The other was the Dowager Dame. A servant had told her maid what was happening; the maid told her mistress.
“So our astronomer’s gone away!” declared the Dowager Lady. “If I’d known, I’d have packed a fish and fat pork pastie for him, and some clabbered milk—”
It was as if the loss of Jon Kelpo’s eyes was of less consequence than him setting out on a journey without any food.
Tycho gaped at his mother. He howled. He fled to his own chamber, leaving Astrid alone with the Dowager.
“Would you like a pastie?” Tycho’s mother asked Astrid. “I don’t think you’re very welcome here now! You’d better go to the tinsmith’s in town. Mr. Lindblad. He’s an easy sort of man. Then start walking home tomorrow—if you can. I’m sure I don’t know if you can. You can always try to force yourself. Lindblad’ll give you a pastie, although it won’t be a patch on mine. Kallio Keep’s quite a way. Go as you are. Don’t dare take any gifts my son has given you.”
The one gift Astrid cared about remained in the hut: her birthday puzzle in its pouch. It would be sheer madness to climb the tower again. She must catch up with Jon. She must find him.
The Dowager’s word was enough to allow Astrid through the gate.
Melting snow was a mess of jumbled distorted footprints of people and animals. Search as she might, halloo as she might, Astrid couldn’t come across her lover on the road to town or anywhere in the town. Jon might have missed his way and tumbled blindly into the river, treacherous with ice rushing by, bobbing on spate. He may have circled round deliberately and drowned himself.
It must have been two in the morning when Astrid found her way to the tinsmith’s house, shivering convulsively and escorted by a night watchman, who banged on the door with his cudgel.

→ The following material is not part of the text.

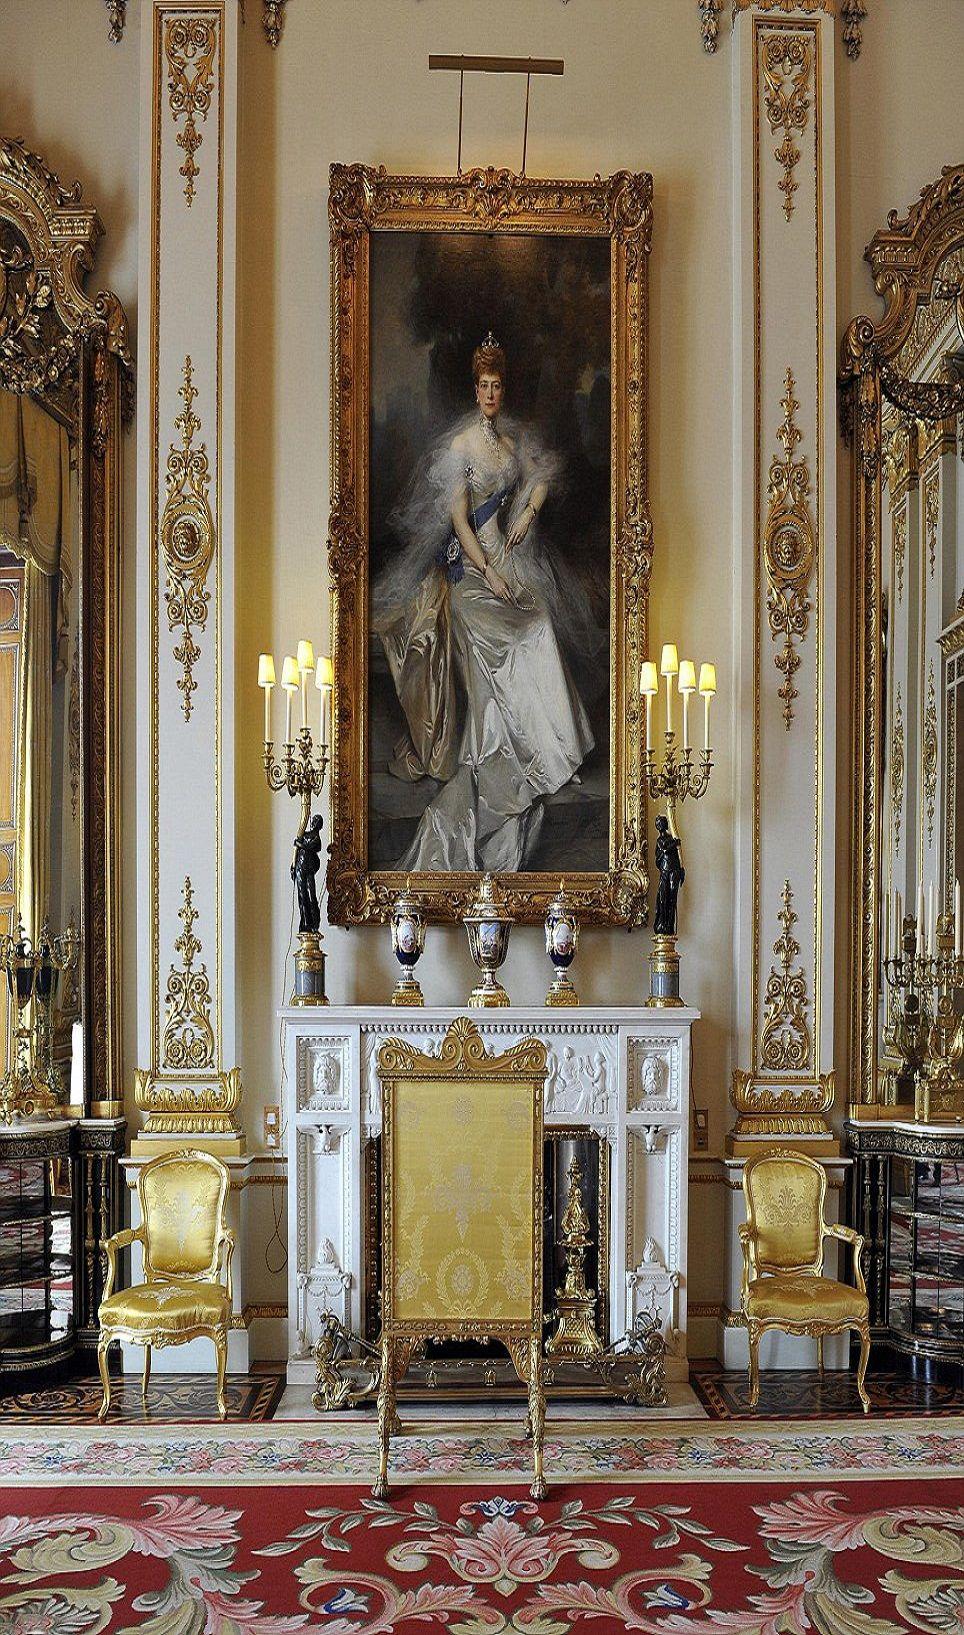 Inside the Buckingham Palace - A portrait of Edward VII's ...

She knew she wouldn’t go back to Kallio Keep. Wouldn’t, couldn’t. She felt in her bones and her waters that if she did so she would act like a whore in her dad’s town, and that Anniki would spit in her face.
“So you came here instead,” Bosco said to Astrid, “where at least your problem gives you an occupation. A livin’, you might say.”
The naked woman, perched on the stool, turned to him. Daylight was already reasserting itself.
“The man-sway has faded,” she whispered. “The sway to love men: I felt it fade while I was telling you.”
She had unburdened herself. The cuckoo on her breast had cackled, and the pressure was gone.
“Did you see me as white, earlier on tonight?” Bosco asked her. “Do you see all your sailors as white?”
“I saw them all as Jon,” she whispered.